Currently, all Singaporeans, regardless of their class or age, can now enjoy quality education and healthcare, clean water, air, and proper sanitation. Typically, different countries should adopt multiple sustainable development models. Every country is required to embrace solutions that fit their particular priorities or circumstances. Therefore, it is essential, especially for developing countries, to learn from other nation’s experiences in establishing SDGs (Hickel et al., 2015). For Singapore, it is mainly focused on achieving the 2030 Agenda for Sustainable Development. This paper will evaluate the progress Singapore has made towards achieving its SDG of ending poverty by embracing social assistance.
Implementation of the Social Assistance Approach
Singapore aims toward achieving a caring, inclusive, and fair society. Individuals from different backgrounds can access equal opportunities and where vulnerable citizens can get enriched; thus, all Singaporeans can now be optimistic about their future. For Singapore to achieve this, it must seek ways to create conditions that facilitate growth and offer opportunities to empower its citizens as well as improve their lives. The country has attempted encouraging community-led initiatives, which aim to help the needy in society. In essence, this approach promotes a particular culture where individuals work to improve their conditions in a self-sustaining and dignified way and become successful. Singapore has implemented comprehensive mutual-reinforcing social and economic strategies in achieving this SDG. These strategies are based on extensive social uplifting by creating better access to quality public healthcare, housing, education, employment, and sustained income growth. The SDG ensures Singaporeans are provided with diverse assistance levels, with each level supporting particular needs in a targeted way. Some of the policies used in social assistance approach include:
Subsidized Public Housing
Singapore has worked towards providing each citizen with access to affordable, quality, and proper housing. Homeownership has been a significant pillar for a healthy community as well as gives Singaporeans a tangible stake. For Singapore to achieve this, public housing has been kept affordable by providing mortgage loan installments, accessibility of Central Provident Fund (CPF) home savings, and government subsidies (Teo, 2017, p.417). Moreover, Singapore has introduced wide-ranging housing schemes and grants to reduce the costs of financing loans for families or individuals in need as well as minimize the cost of buying a flat. Today, Singapore is considered one of the nations with the highest homeownership rates globally. For instance, 9 in 10 Singapore’s resident households own their homes, with at least 4 in 5 resident households living in public housing established through the Housing and Development Board (HBD) (Phang, 2016, p.234).
Retirement Adequacy
In 1955, Singapore created the Central Provident Fund (CPF) to offer financial security for individual retirements.
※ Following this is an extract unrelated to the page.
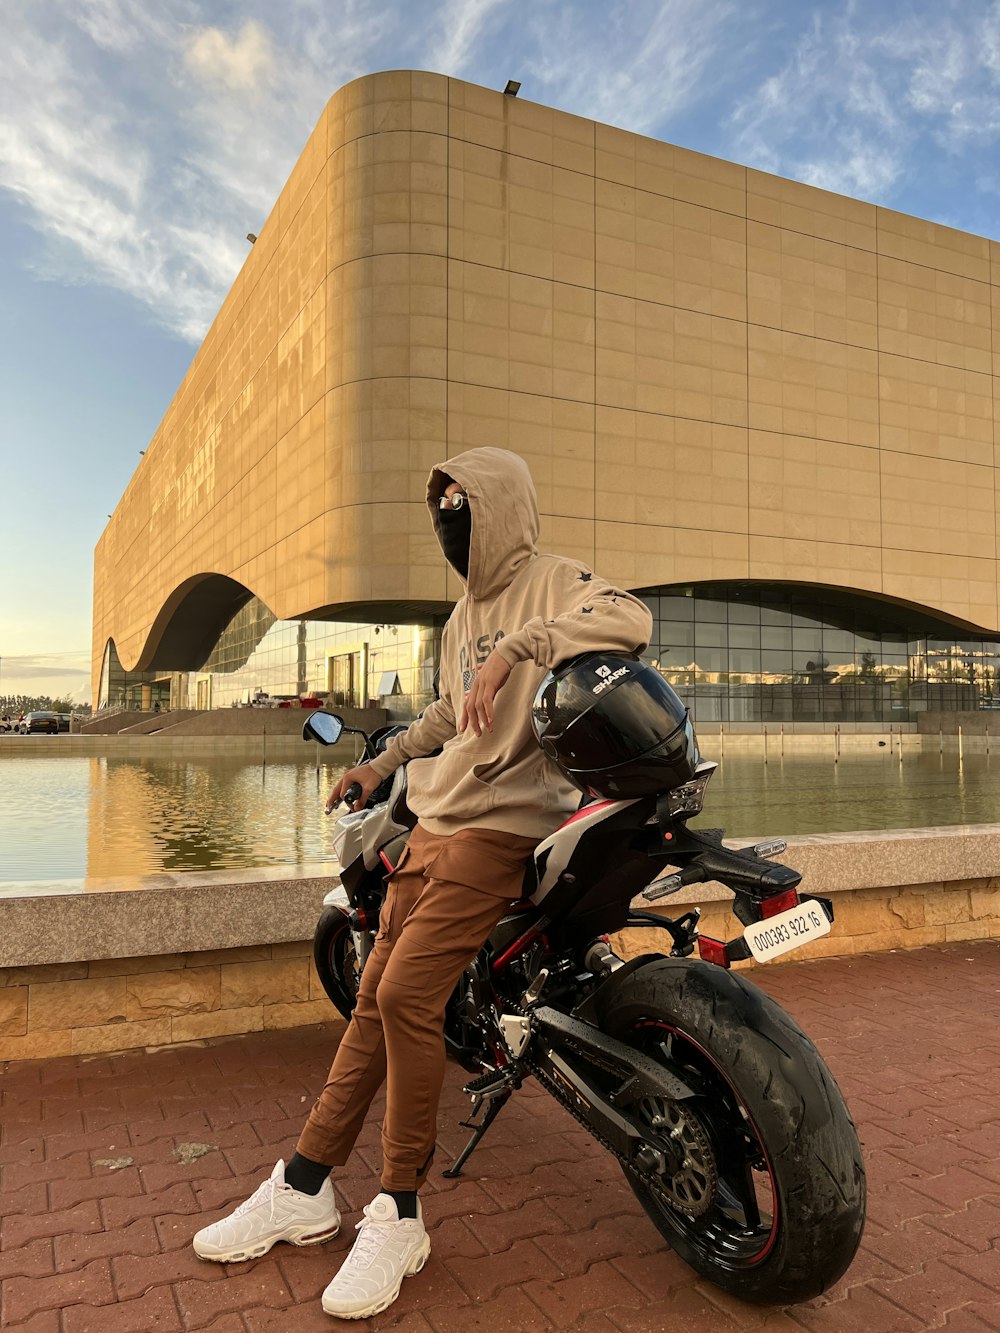 Un homme assis sur une moto devant un immeuble
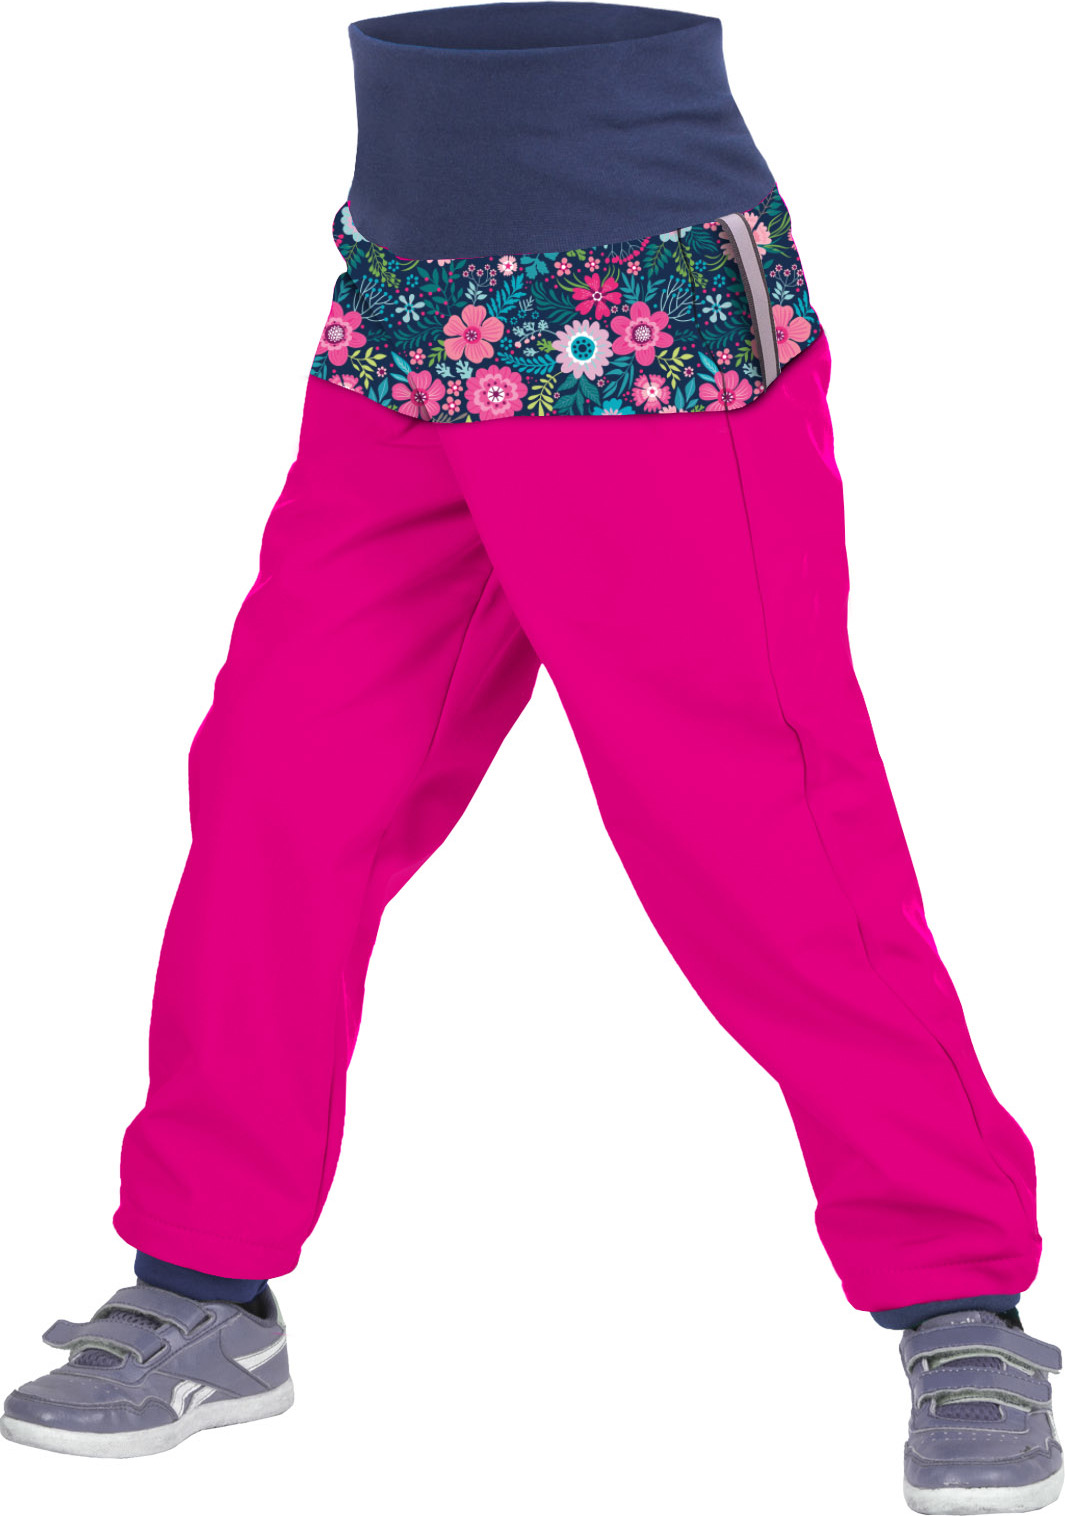 Batolecí softshellové kalhoty UNUO s fleecem Květinky fuchsiové (Softshell toodler trousers) Velikost: 86/92

Today, CPF has evolved to build the foundation of Singapore’s social security structure as it now provides housing, retirement, and healthcare needs of Singaporeans. Employers and employees are now expected to contribute a certain amount of their monthly salaries towards their CPF accounts. CPF add-ons are mainly used to assist individual or low-income families in need. Additionally, there is the Silver Support Scheme (SSS) that provide support to citizens above 65 years who have little family support and had low incomes in their prime age (Chen & Tan, 2018, p.6). The scheme provides these individuals with quarterly cash disbursements that enhance their retirement incomes.
Affordable healthcare
Singapore’s government has embraced a multi-tiered approach in healthcare coverage that ensures no Singaporean is deprived of basic healthcare access because of financial difficulties. This approach entails comprehensive subsidies in the public healthcare systems and institutions, including MediShield Life and Medisave. Patients from middle or low-income families tend to get more subsidies according to individual means-testing status. In 2014, Singapore introduced the Pioneer Generation Package (PGP) to help Pioneers with financial help to cover their healthcare expenses (Mokhtar, 2020).
Employment Assistance
Singapore has put various schemes that support low-wage employees by rewarding their effort and work and upgrading as well as encouraging individual skills through training. For example, Singapore has embraced the progressive model that assists in increasing workers’ wages in the landscaping, security, and cleaning sectors by improving their productivity and upgrading their skills. Besides, there is the Workfare Training Support (WTS) scheme, which focuses on skills upgrading (Istiqomah et al., 2011).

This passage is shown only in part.